Они шли «задами», не к переулку Буденц, а в обратную сторону, по улице Добош, на которой за прошедшие полгода были застроены все пустыри. Вот и здесь строят, как в Пеште, думала старая. Она помнила, что было на месте каждого многоэтажного здания; раньше здесь сплошь стояли одноэтажные домики, в одном была канатная мастерская, в другом делали решета. Нынче — ни домишек, ни мастерских; на их месте выросла поликлиника, вроде той, где работает Иза, рядом — еще какое-то учреждение.
Памятник обошелся в огромную сумму; когда старая на него посмотрела, у нее руки опустились.

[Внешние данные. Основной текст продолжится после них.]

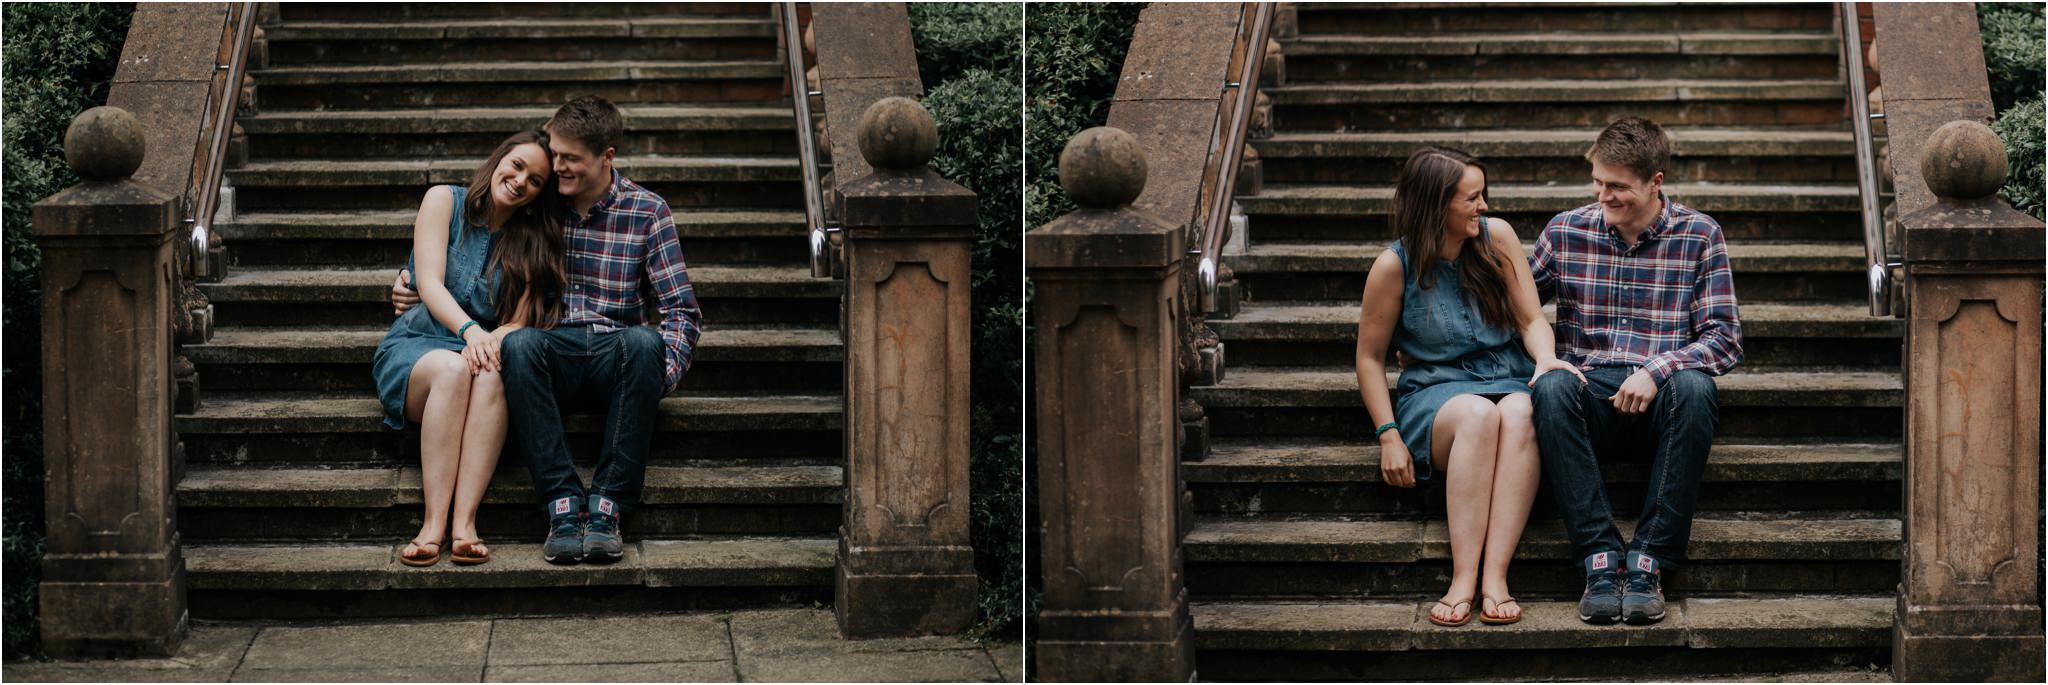 Photography 78 - Glasgow Wedding Photographer - Corrie Jonathan Glasgow West End_0005.jpg
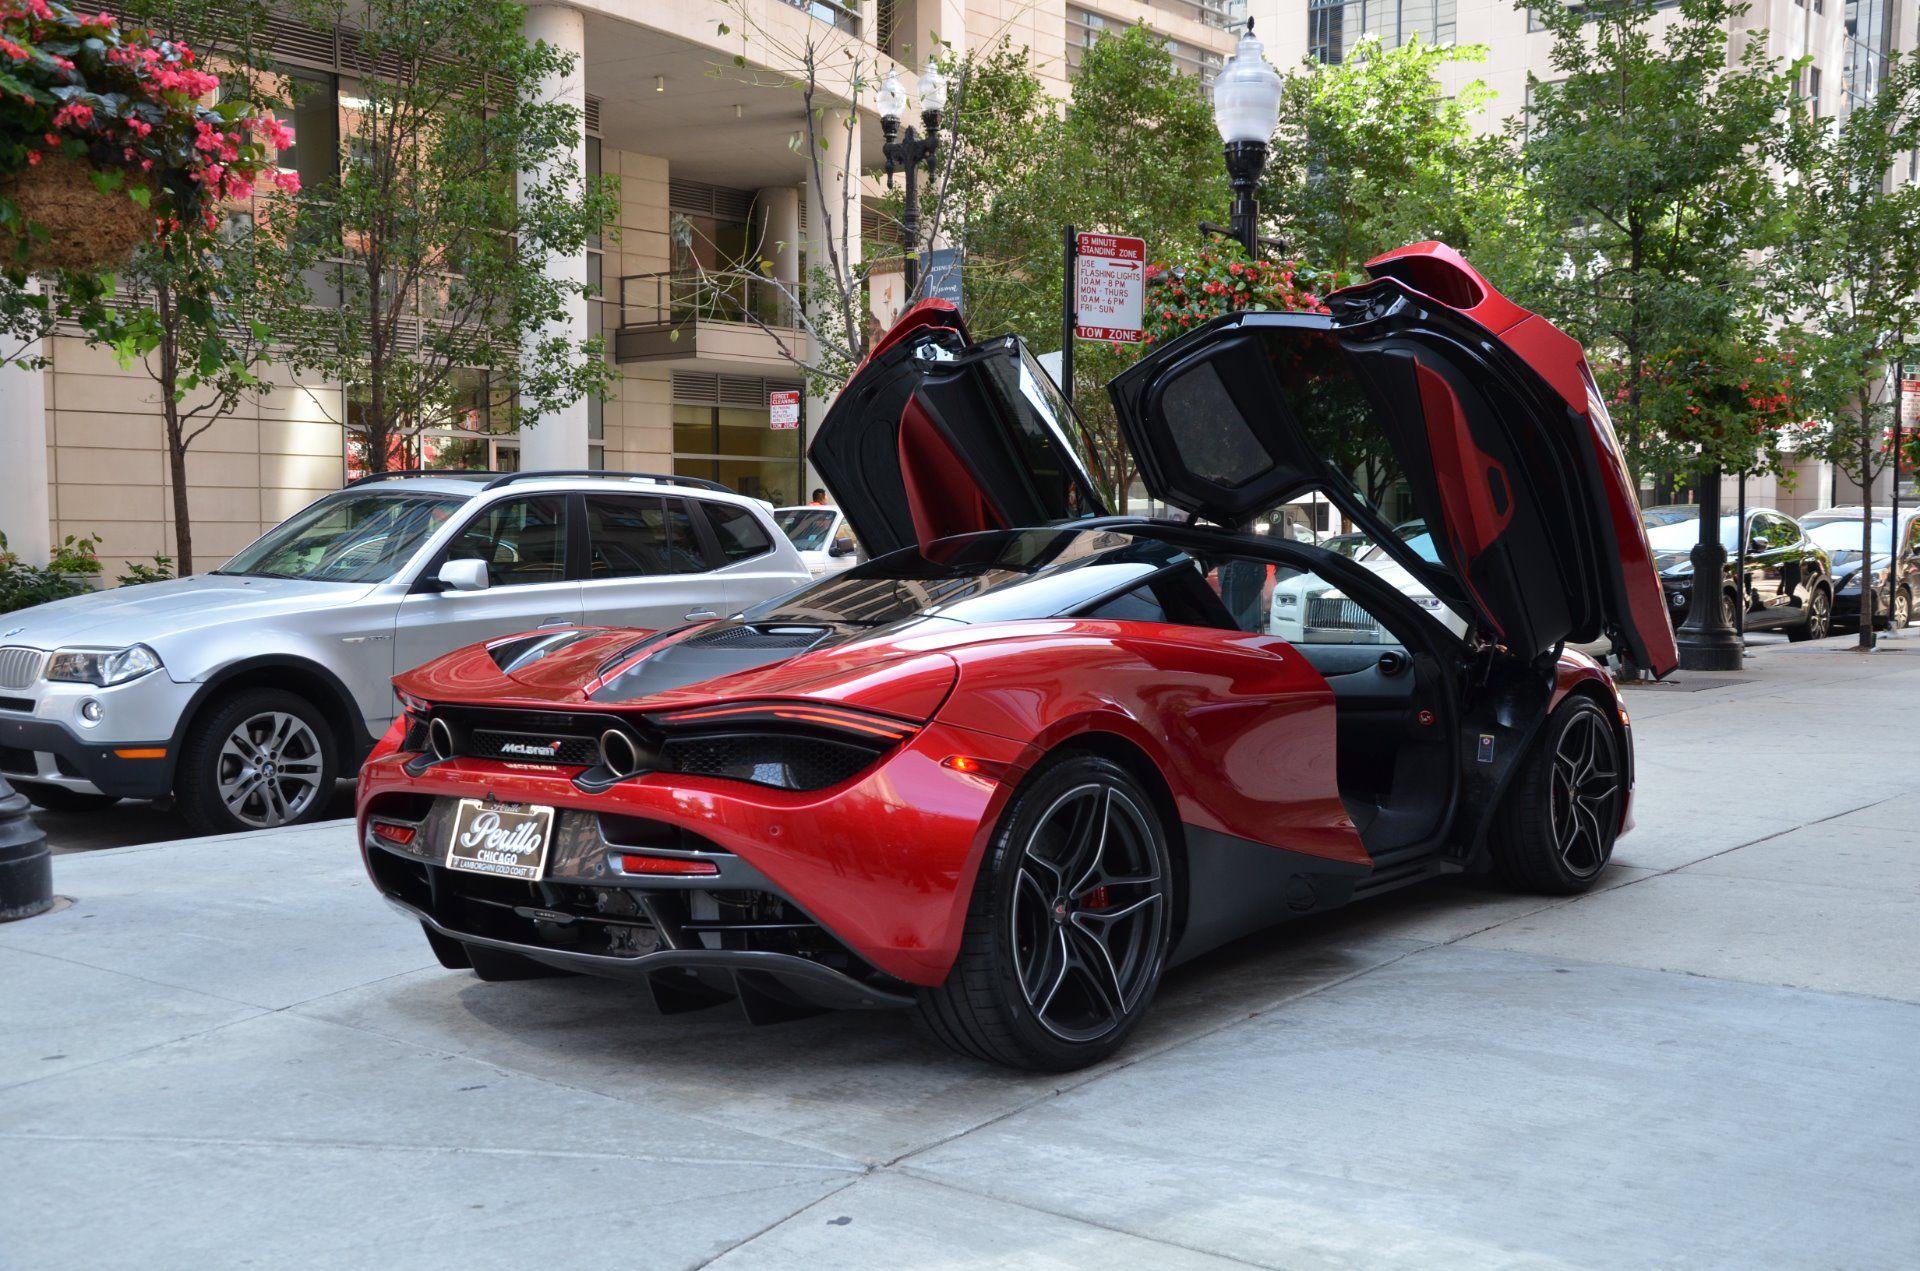 2018 Mclaren 720s Stock 00107 For Sale Near Chicago Il Il Mclaren Dealer Mclaren Top Cars Luxury Car Dealership

Иза не мешала матери тратить деньги, покупать, что она хочет; но старая полагала: все, что получено за принадлежавшие Винце вещи, за их прежнюю мебель, она имеет право тратить только на Винце — и заказала надгробье из черного мрамора, двойное, самое что ни есть дорогое, какое только было у камнереза; из множества эскизов и рисунков, присланных Гицей, она выбрала самый красивый, самый эффектный. И вот теперь, когда ей показали это вычурное сооружение с немыслимыми черными розами, меж которых свежей позолотой сияли их имена, ее и Винце, ее — только с датой рождения, — она совсем загрустила. В искусстве она ничего не понимала, но чувствовала и так: мраморная эта громадина ничего общего не имеет с Винце, не выражает память о нем, да и вообще ничего не выражает в своей вызывающей несуразности.
Иза, снова Иза с ее безжалостной правотой, с сигаретой в руке, которой она жестикулирует в полумраке комнаты: «Пускай останется деревянный крест, мама, только подними могилу, не ставь туда никакого памятника, ни к чему это. Ему подходит что-нибудь скромное, некричащее». Старой же хотелось чем-то пожертвовать ради Винце, и вот она всадила кучу денег в этот черный камень, перед которым стояла теперь такая потерянная. В молодости на могилку Эндруша она заказала плиту с ангелочками, тот памятник был каким-то легким, он радовал душу, в течение многих лет и десятилетий в ней жило ощущение, что дала своему малышу сверстников и ночами, когда теряет власть закон тления, каменные ангелочки играют с Эндрушем, а может быть, даже летают с ним. Теперь, семидесятишестилетняя, стоя перед памятником, она не могла себя обманывать, она твердо знала: мертвые умирают бесповоротно, насовсем, их ничем нельзя одарить, ни из желания загладить свою вину, ни из жалости, ни из любви.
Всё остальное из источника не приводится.